**DATASET CONTENT**:
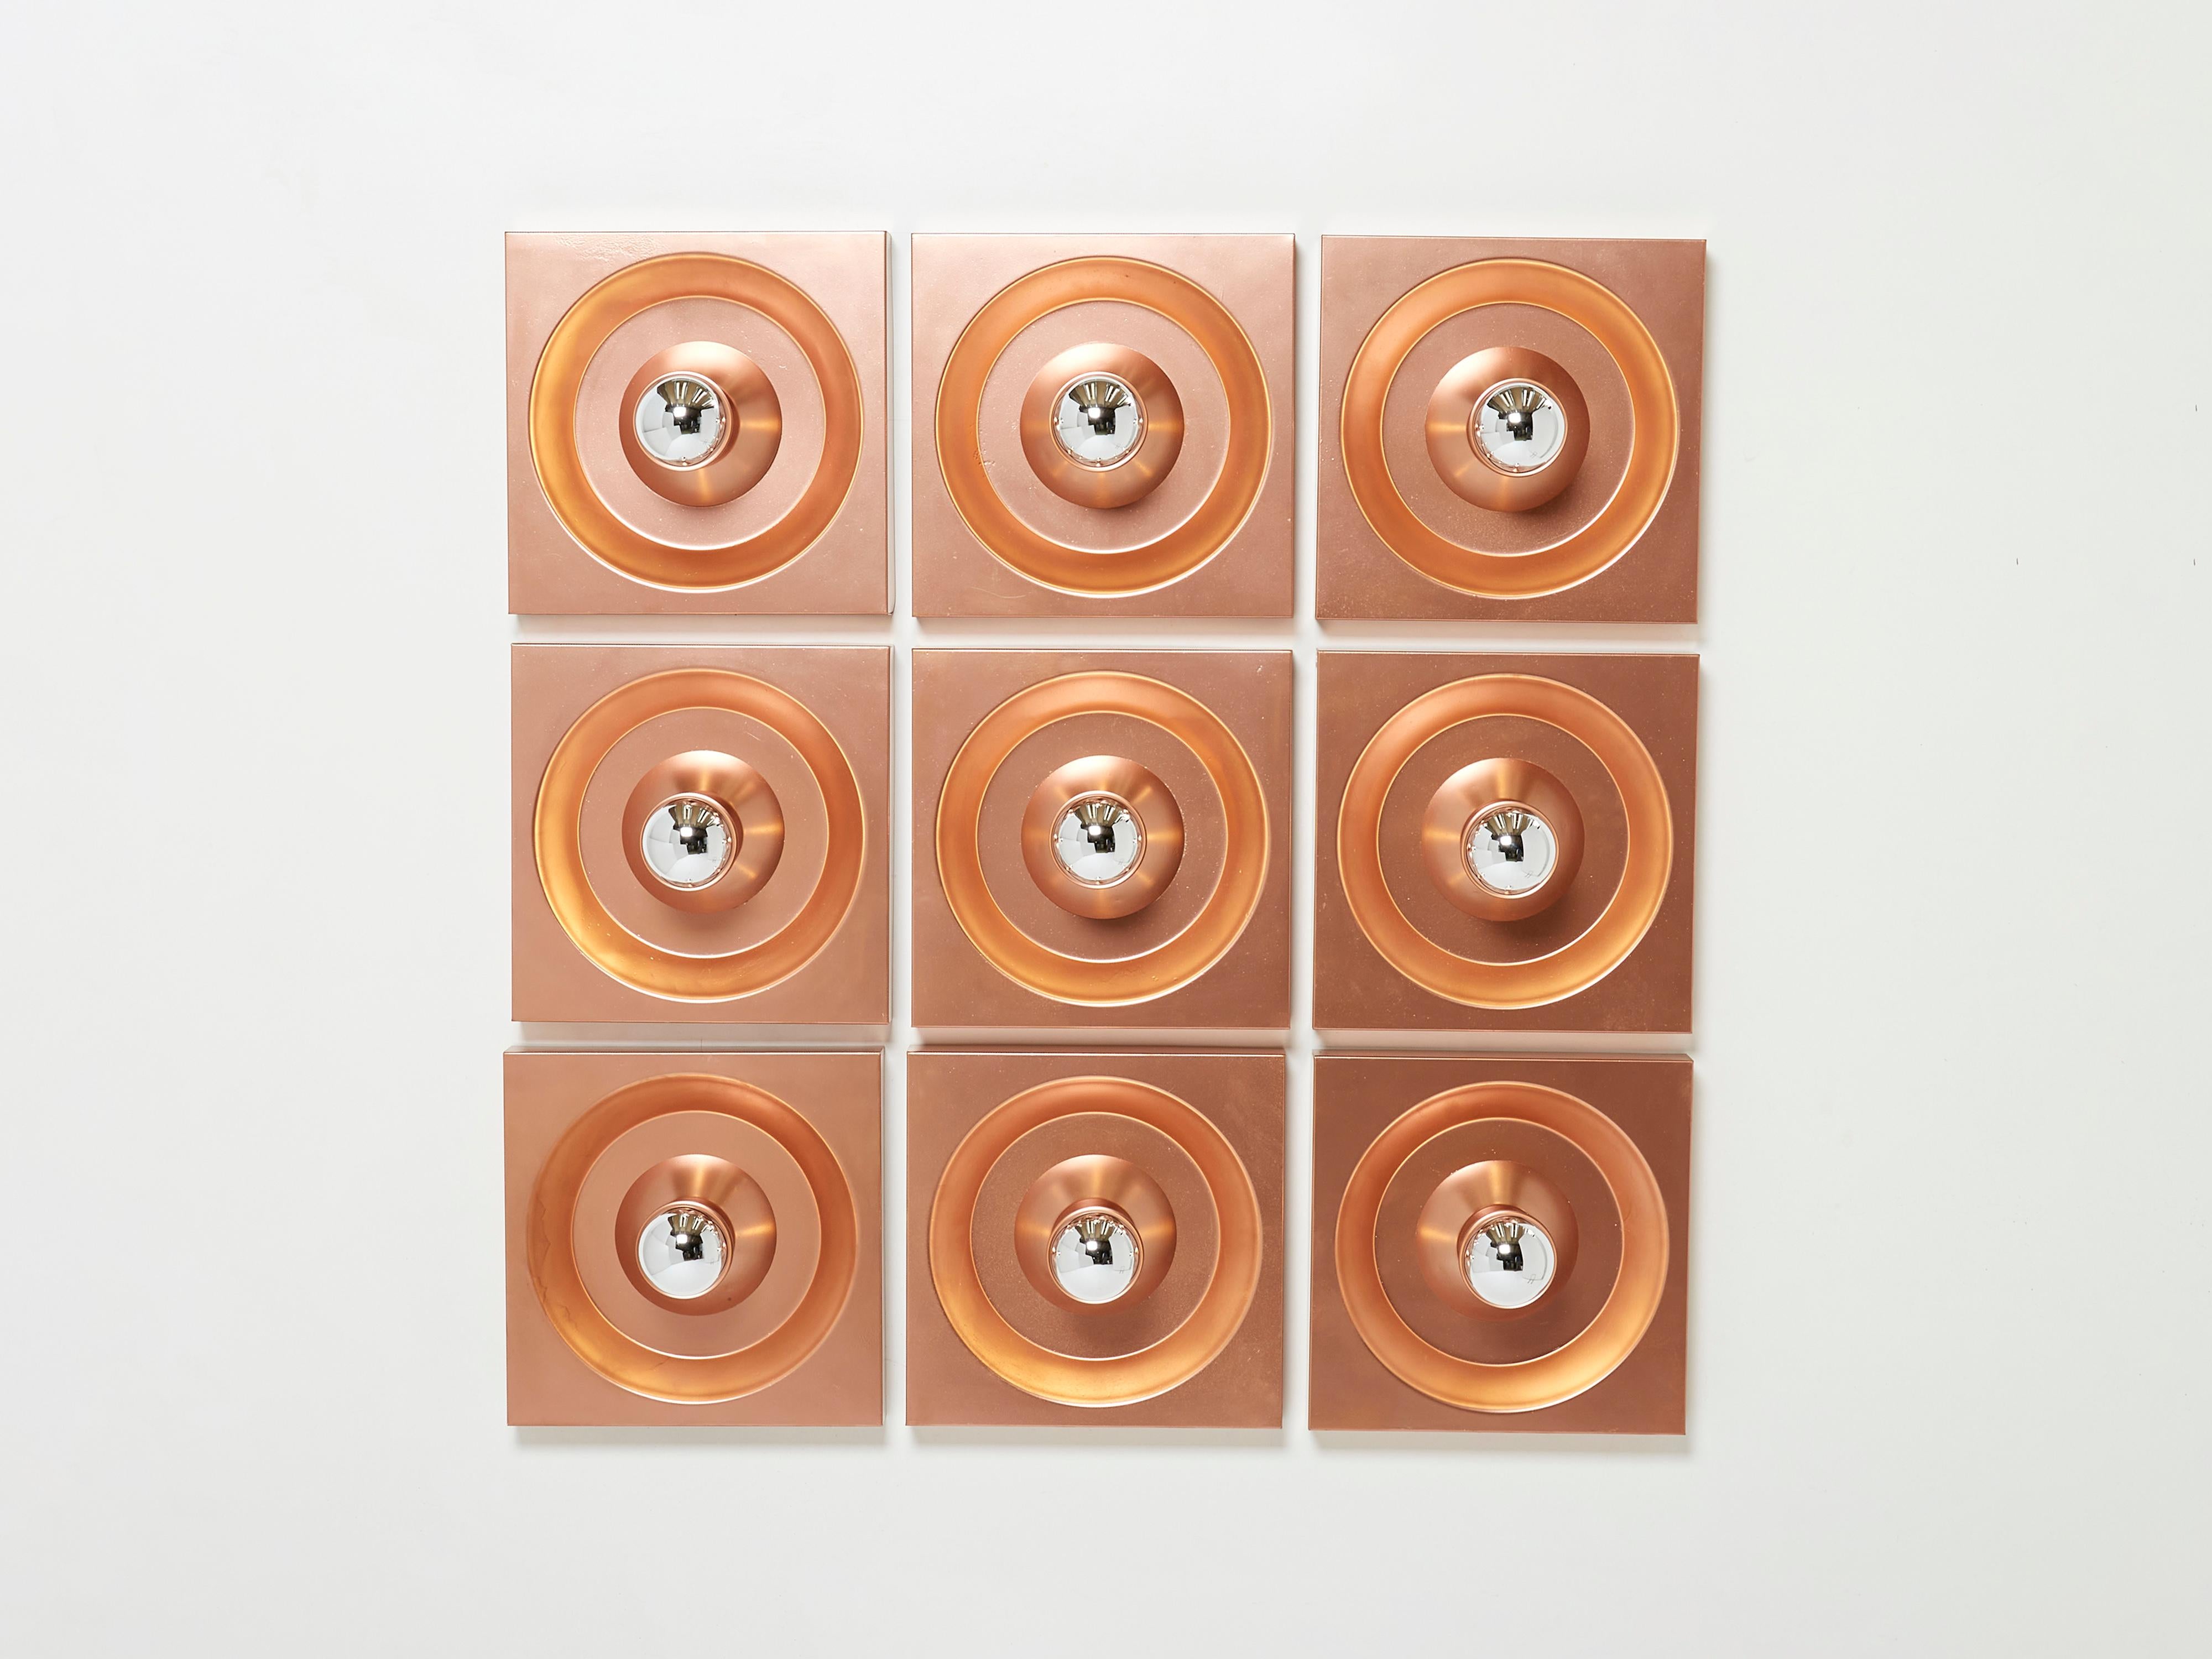 This is a rare set of 9 original copper coating wall lights designed by Klaus Hempel and produced by Kaiser Leuchtenin in Germany in the 1960s and 1970s. These are early 1970s examples. The structure is made of solid metal wich is copper coated.
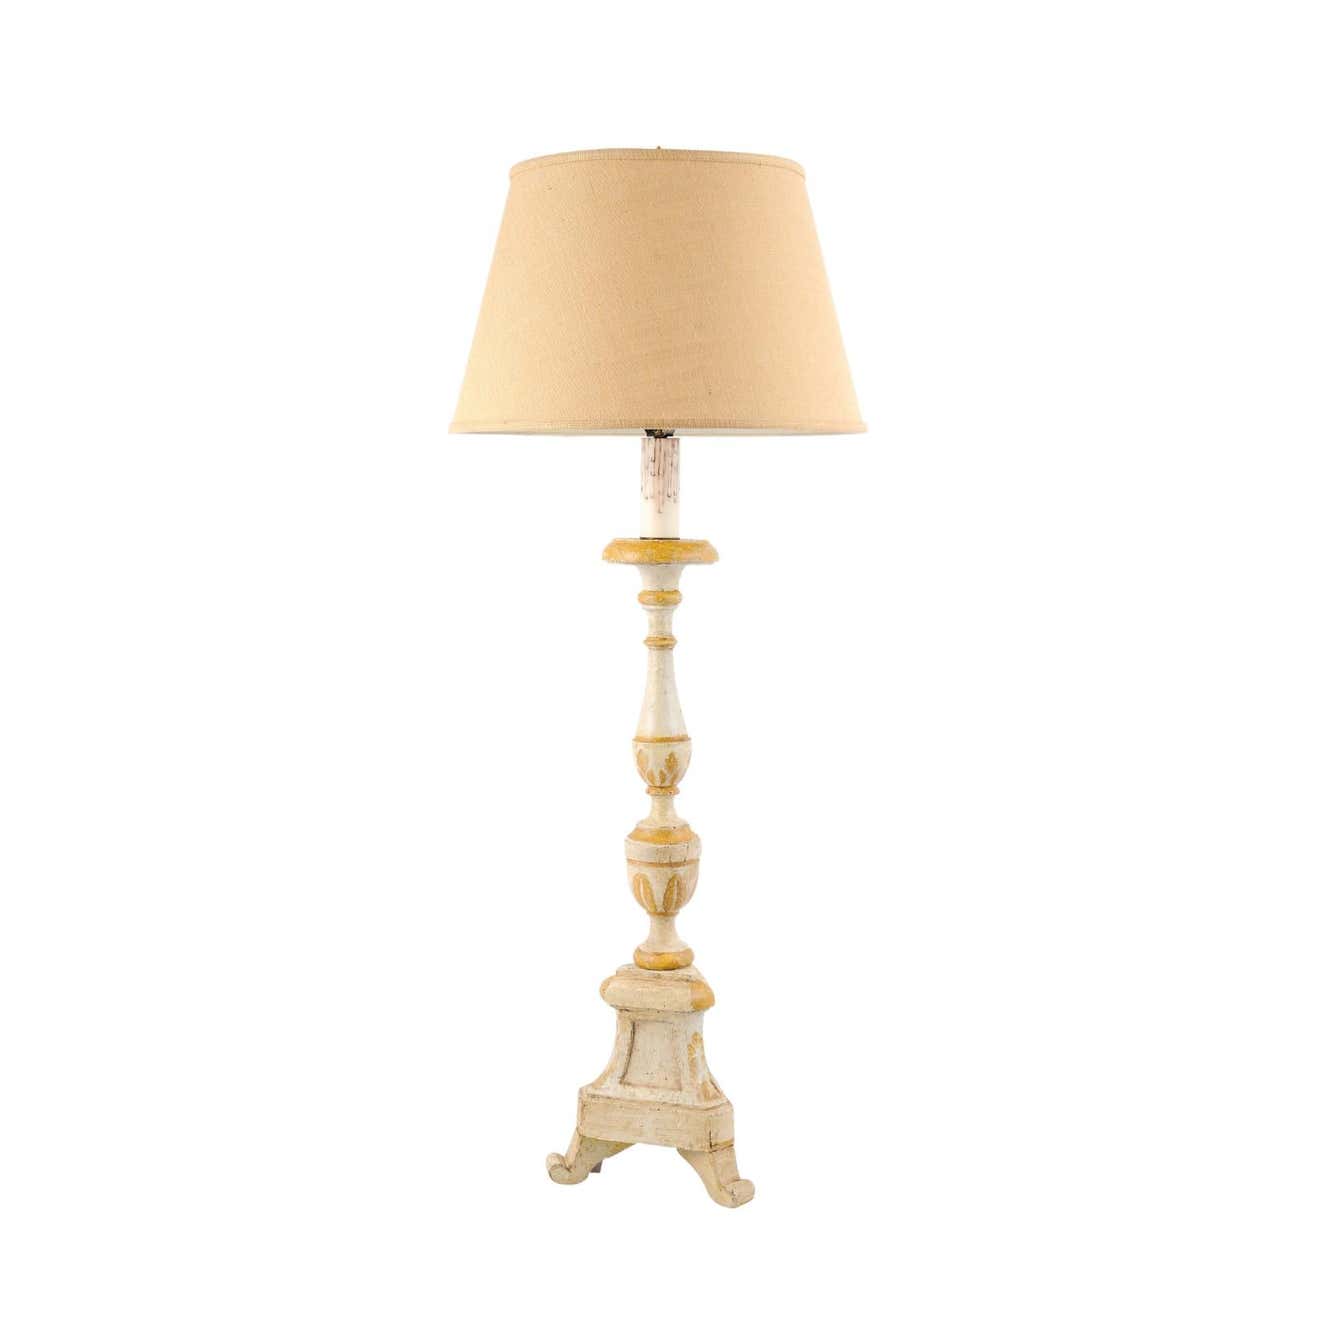 French 19th Century Painted and Carved Candlestick Mounted as a Table Lamp
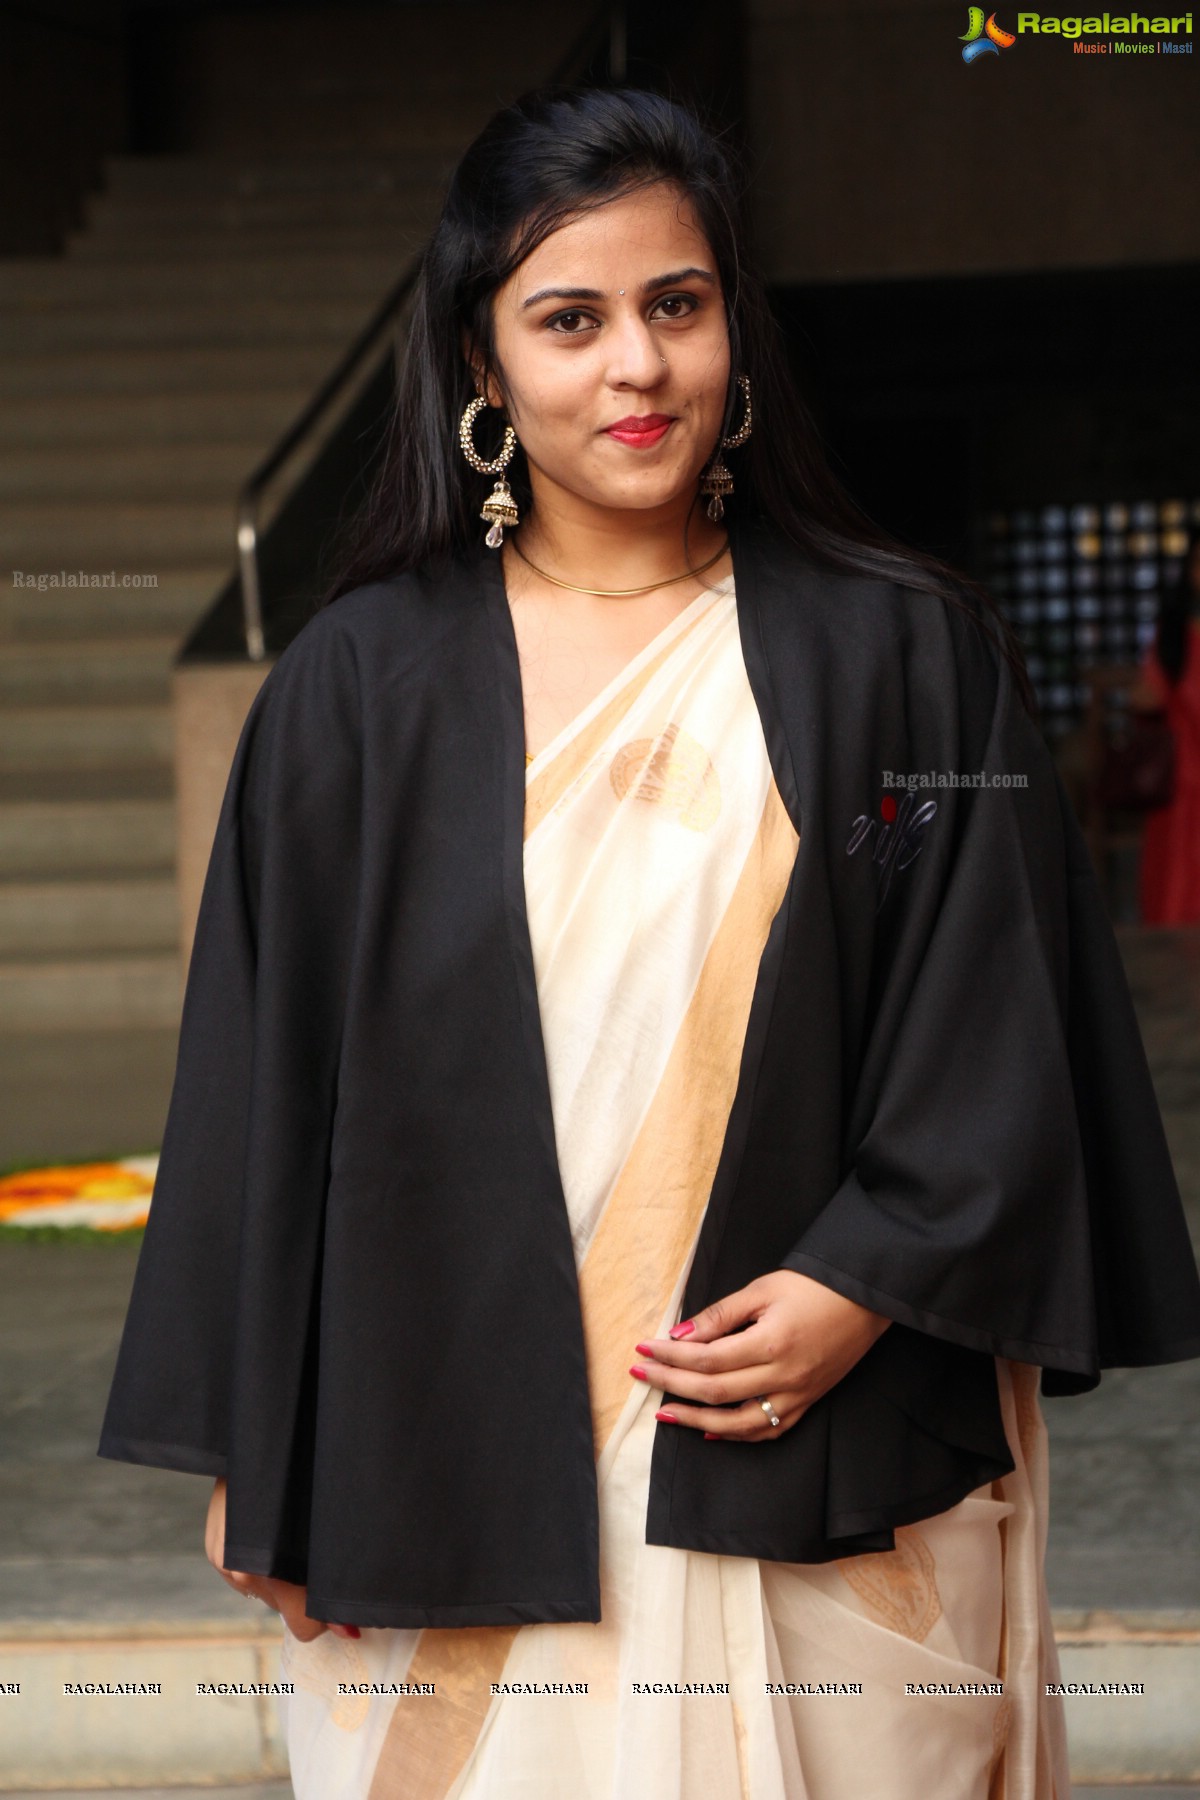 National Institute of Fashion Technology (NIFT) Convocation 2016, Hyderabad
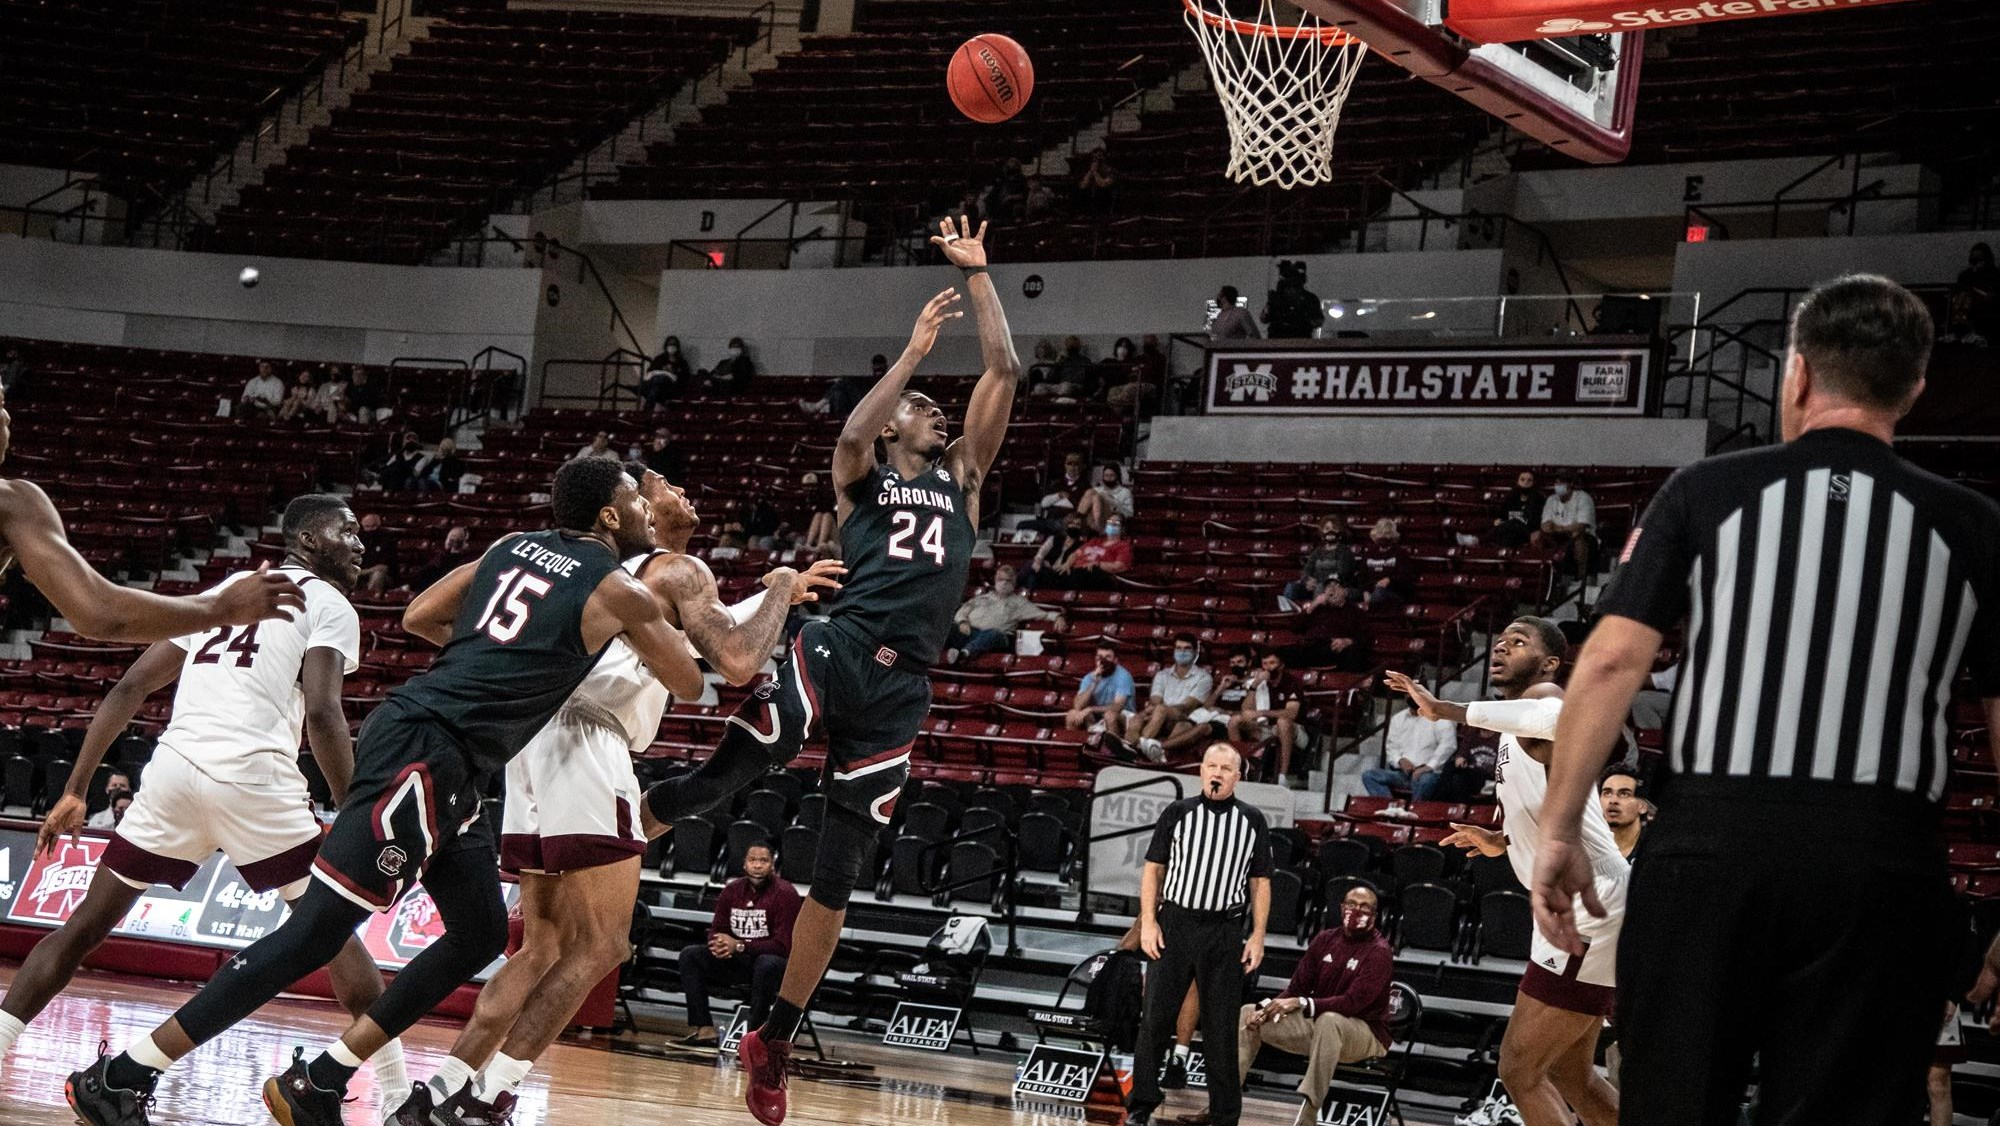 Mississippi St. jumps out early, beats South Carolina 69-48

**TASK DIRECTIONS**: Take the line that holds "National Institute of" as the start and the last line of the data as the end. Copy only those lines exactly, both ends included, except the pictures.

**RESPONSE BOX**:
 National Institute of Fashion Technology (NIFT) Convocation 2016, Hyderabad
 Mississippi St. jumps out early, beats South Carolina 69-48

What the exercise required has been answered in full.